What has made this possible has been a dramatic change in how computer translation programs are written. In the past, most translation software has been based on sets of rules -- dictionary definitions, grammatical rules and such. In other words, programmers tried to make a computer think like a human.
But increasingly, the trend in artificial intelligence is to allow the computers to think like computers, using statistical methods to draw meaning out of masses of information, said Randall E. Bryant, dean of Carnegie Mellon's School of Computer Science.
Speech recognition programs began using these statistical methods 15 years ago, Dr. Knight said.
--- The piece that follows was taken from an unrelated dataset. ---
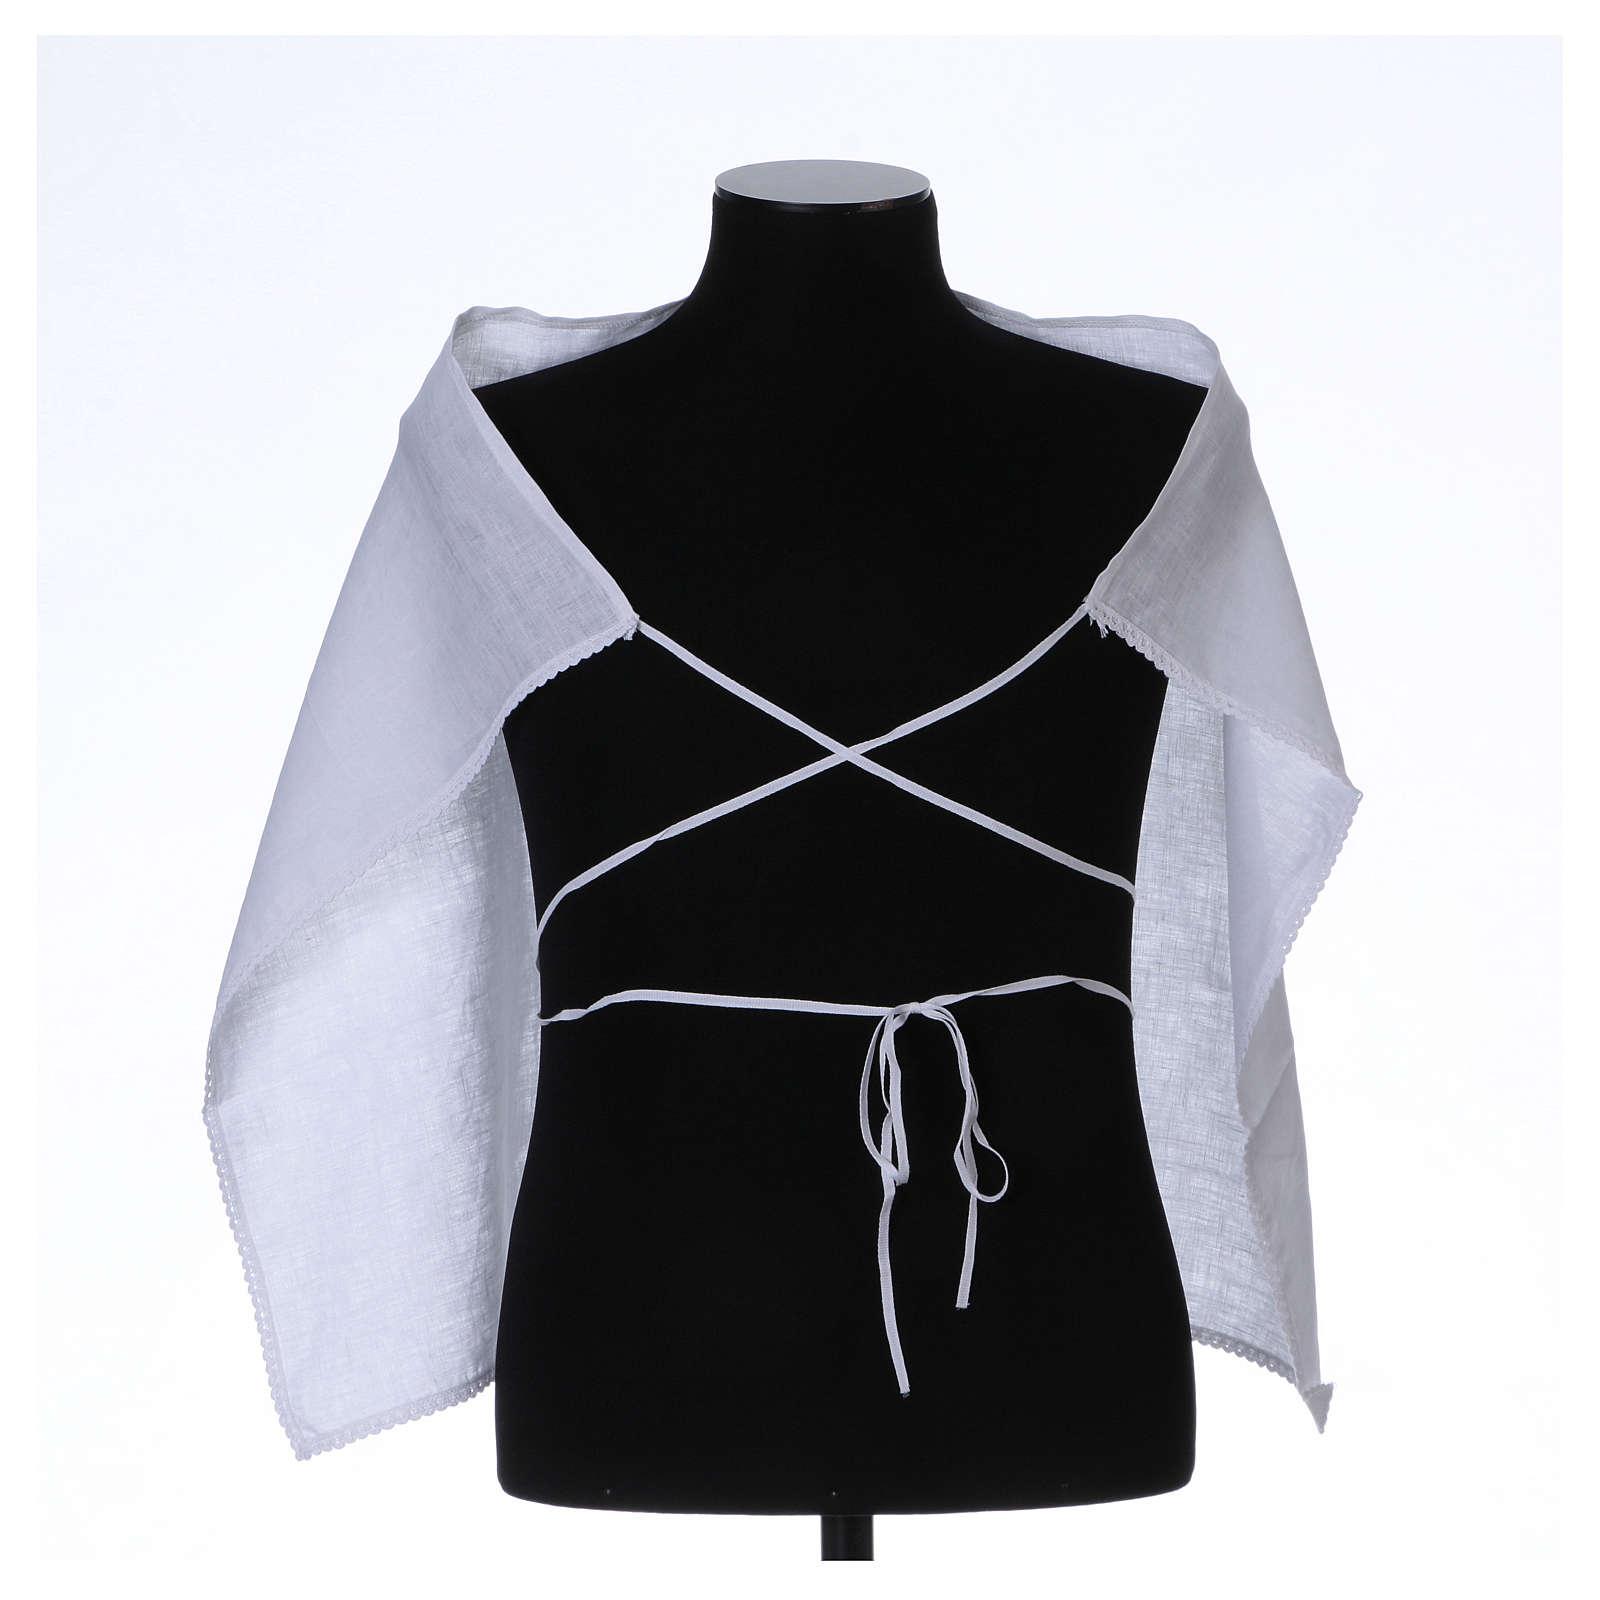 Amict blanc pur lin avec broderie croix IHS blanche 4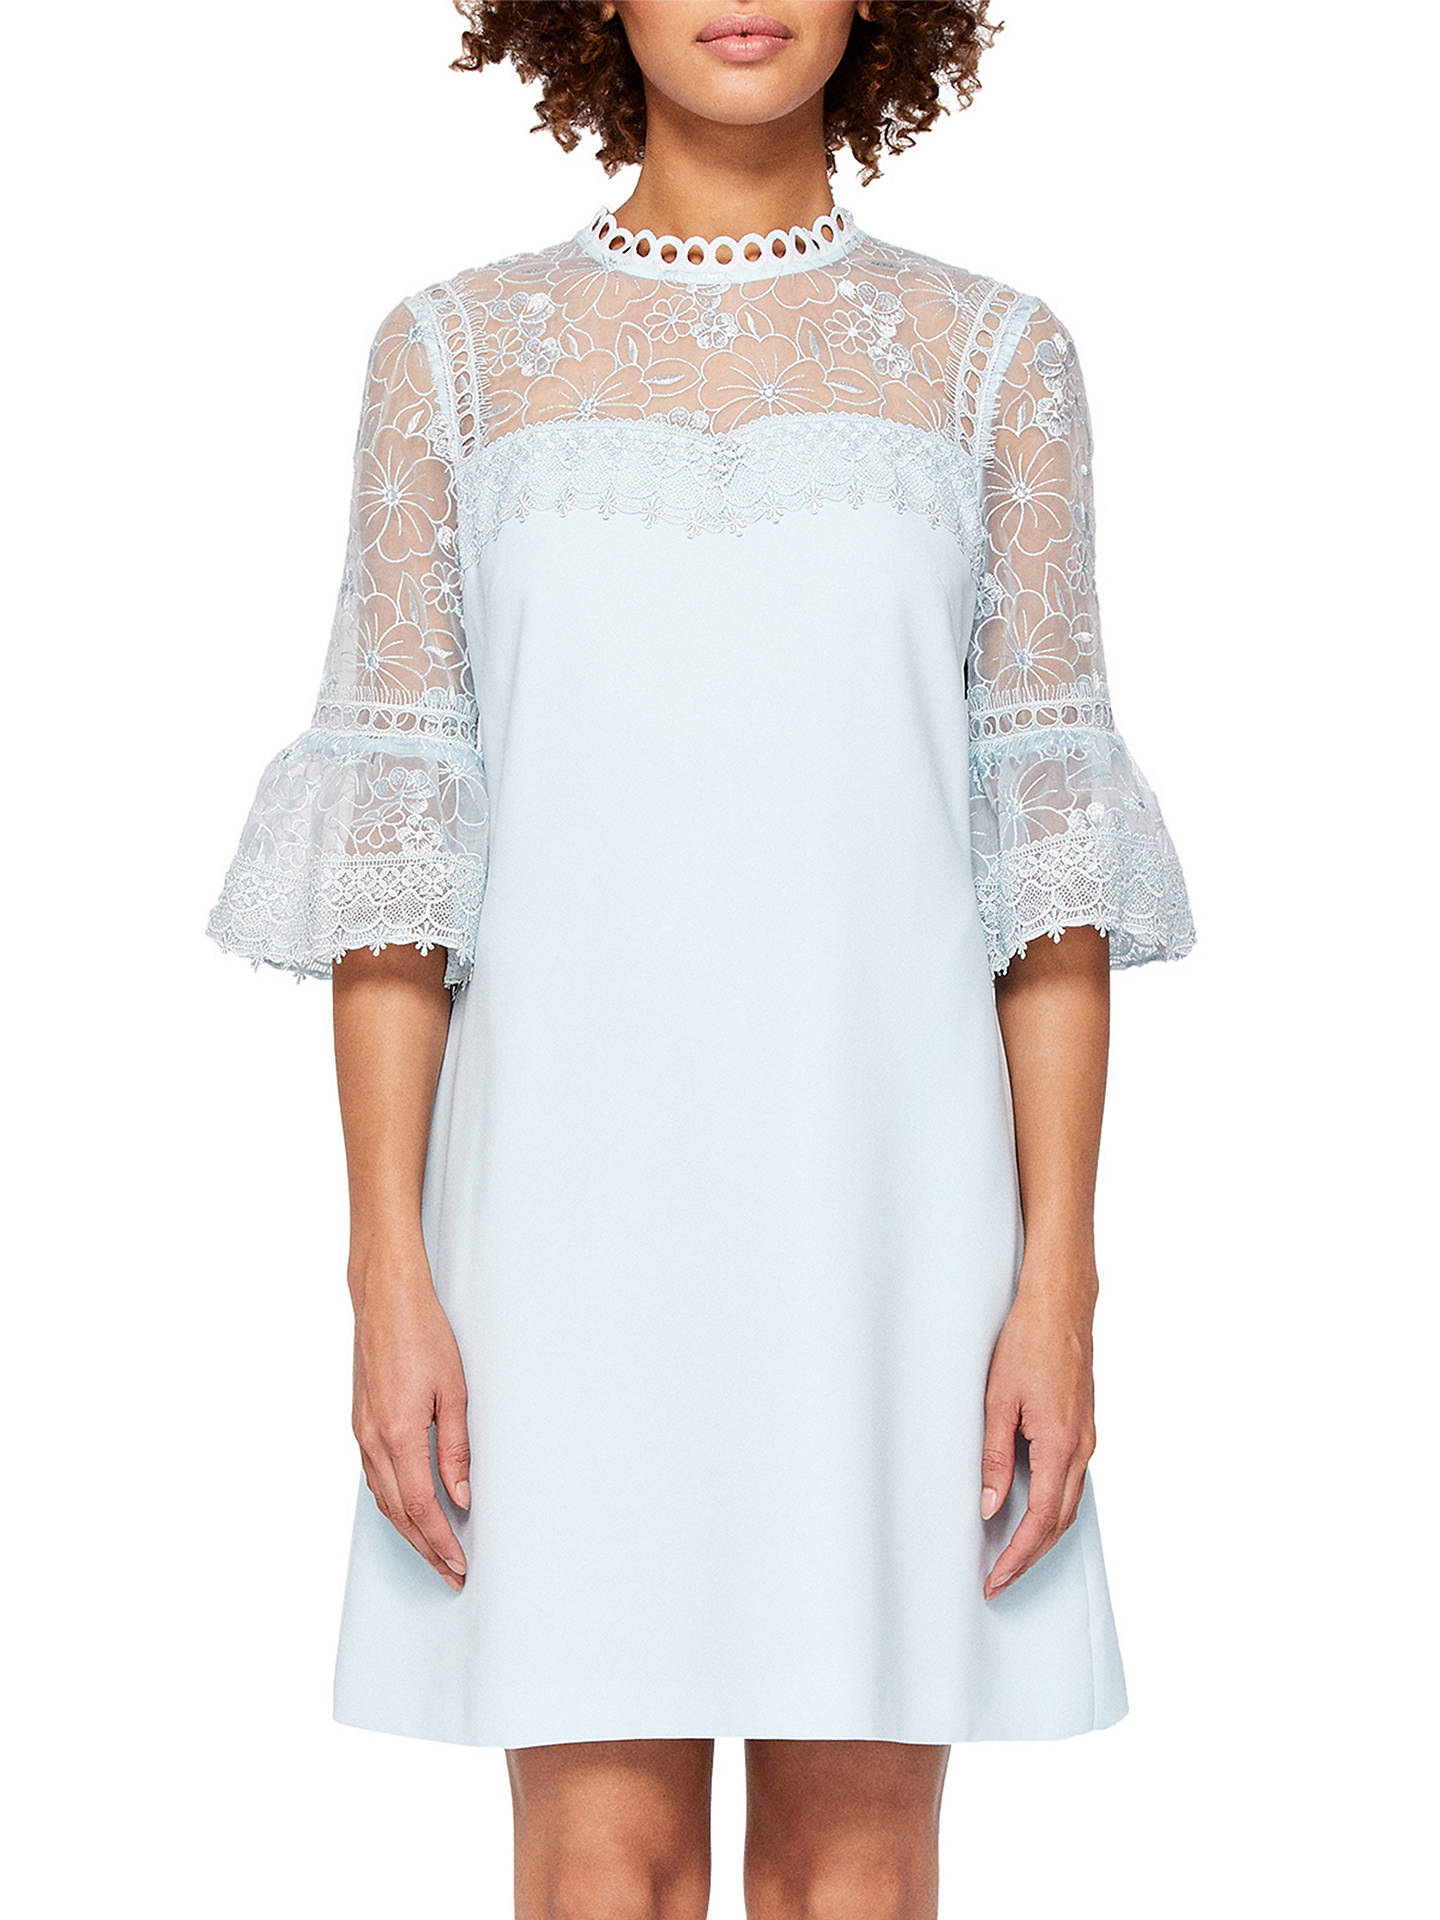 Ted Baker Raechal Lace Peplum Dress At John Lewis Amp Partners

Only recently have they been applied to speech translation "and that's why things have been improving a lot lately."
The availability on the Internet of large amounts of translated text has been a major boon, said Dr. Waibel.
The results aren't perfect. When Dr. Waibel announced he would take questions from reporters in Germany and America, the computer heard it as "so we glycogen it alternating questions between Germany and America." And the systems don't really understand what they are translating, so may have trouble sometimes when a speaker tries to be humorous or ironic.
But he predicted open domain systems could be ready for use within five years.
"As we make contact, people will be more likely to learn other languages," Dr. Waibel said. U.S. soldiers in Iraq, for instance, who have handheld devices that repeat foreign phrases, ultimately have learned to speak those phrases themselves and discard the machines.